- WHAT IS EXPECTED -
Produce a word-for-word copy of the listing below without its pictures.

- PROVIDED DATA -

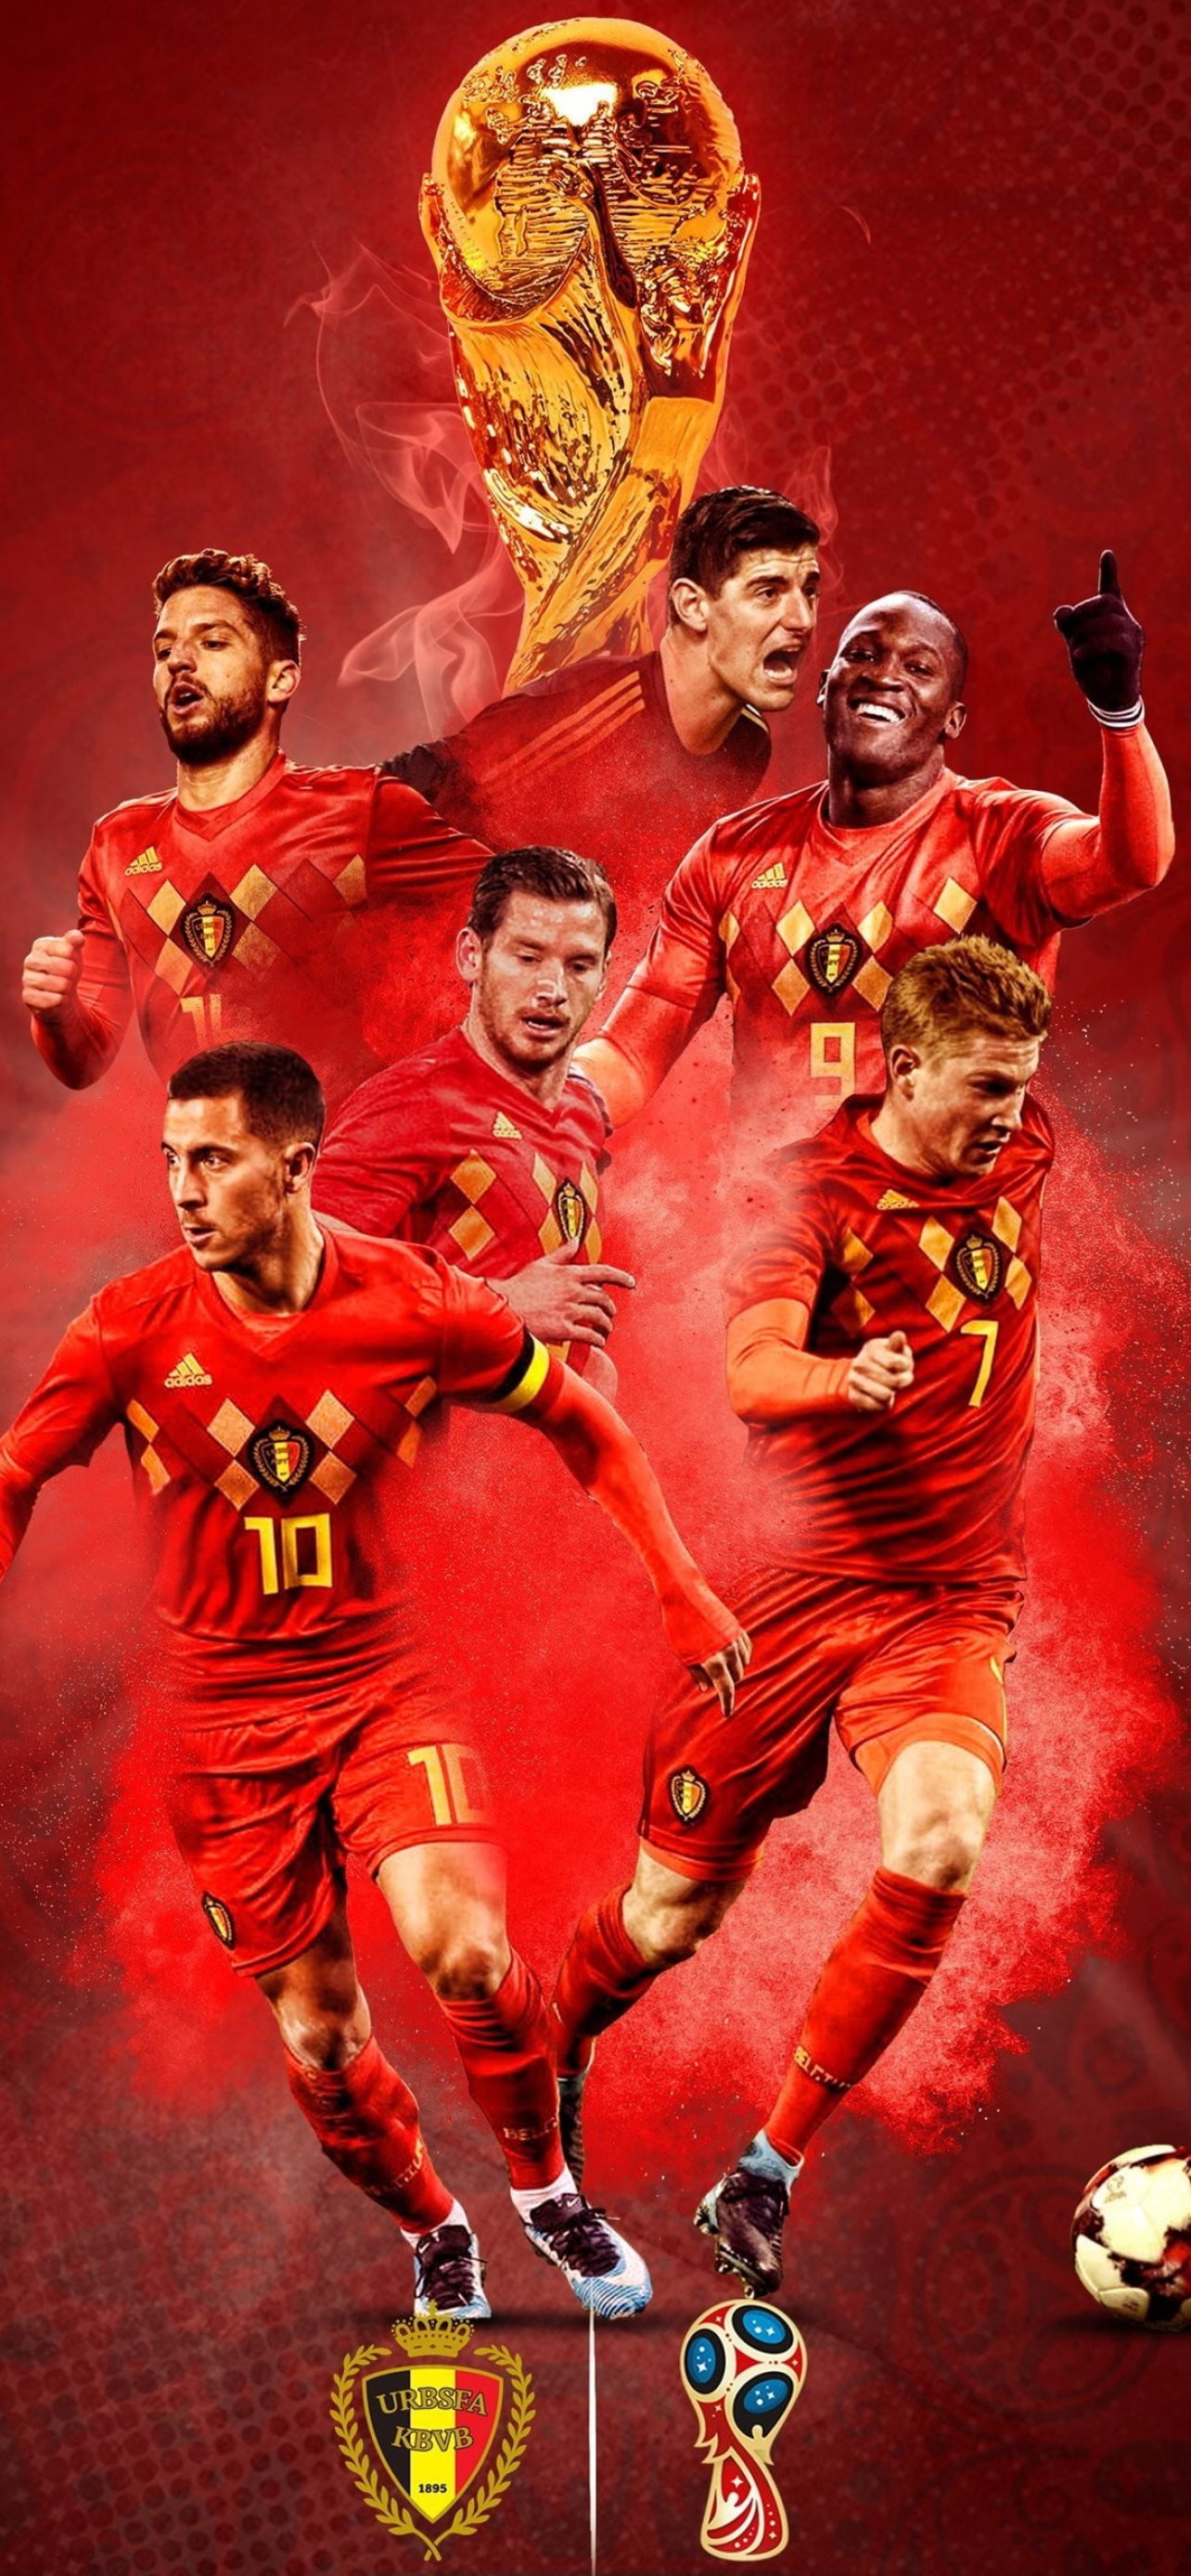 Germany national team, Football excellence, Powerhouse of Europe, Team unity, 1290x2780 HD Handy
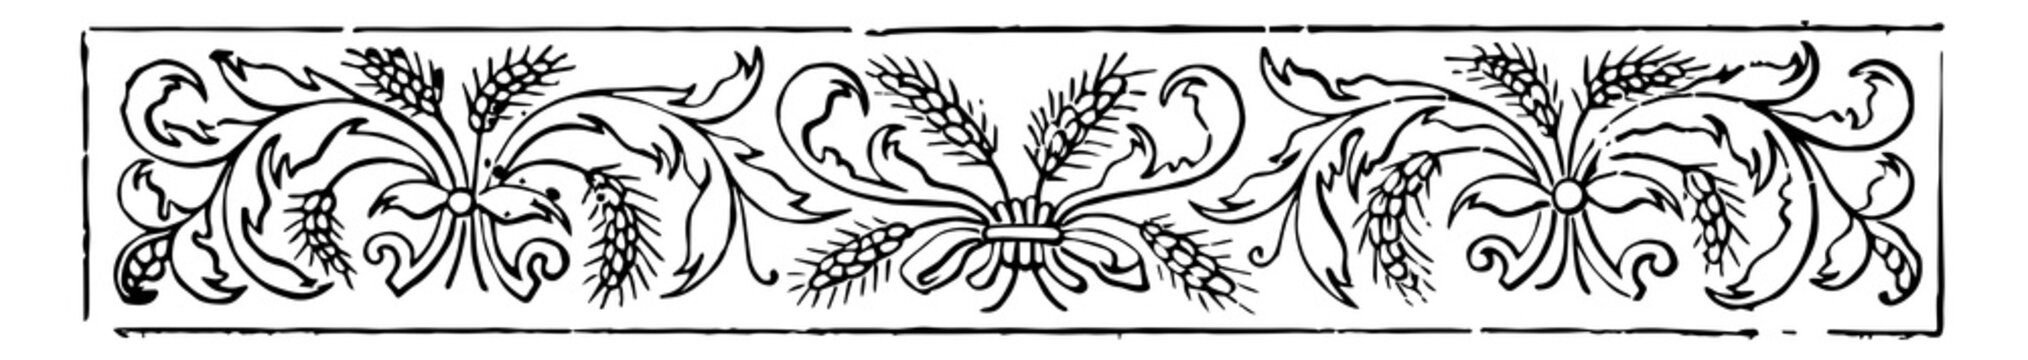 Banner have contains an image of several stocks of wheat in this design vintage engraving.
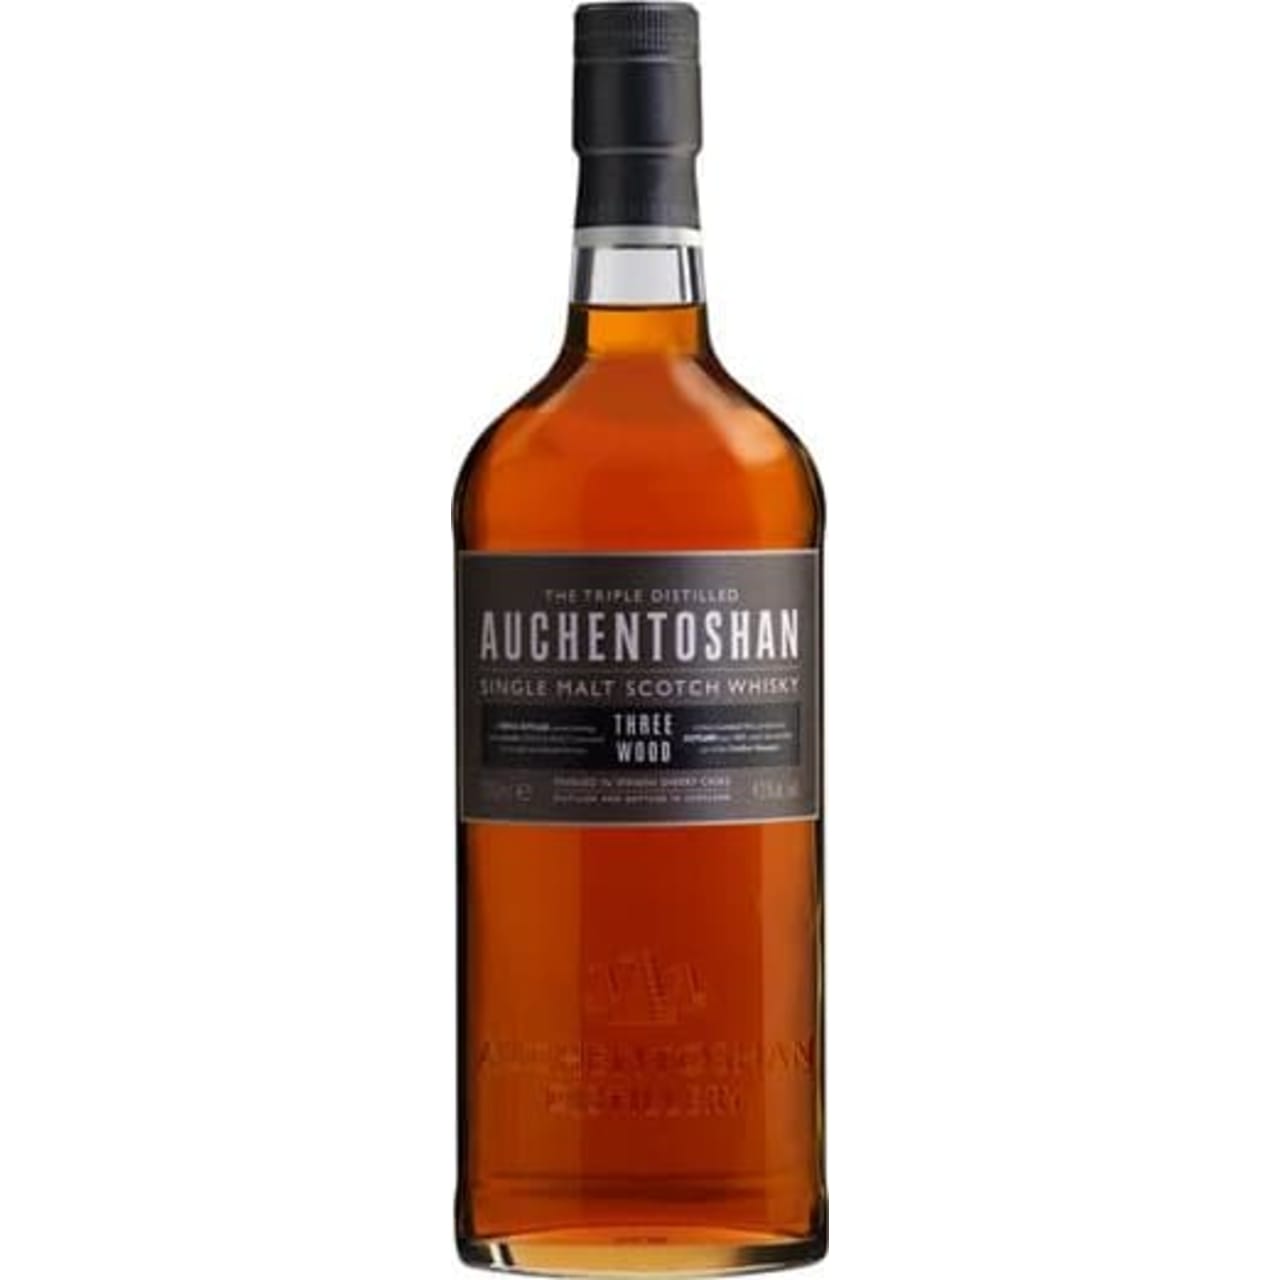 This is a rich, complex whisky with toffee and sherry flavours.

- RESPONSE AREA -
 Germany national team, Football excellence, Powerhouse of Europe, Team unity, 1290x2780 HD Handy
 Banner have contains an image of several stocks of wheat in this design vintage engraving.
 This is a rich, complex whisky with toffee and sherry flavours.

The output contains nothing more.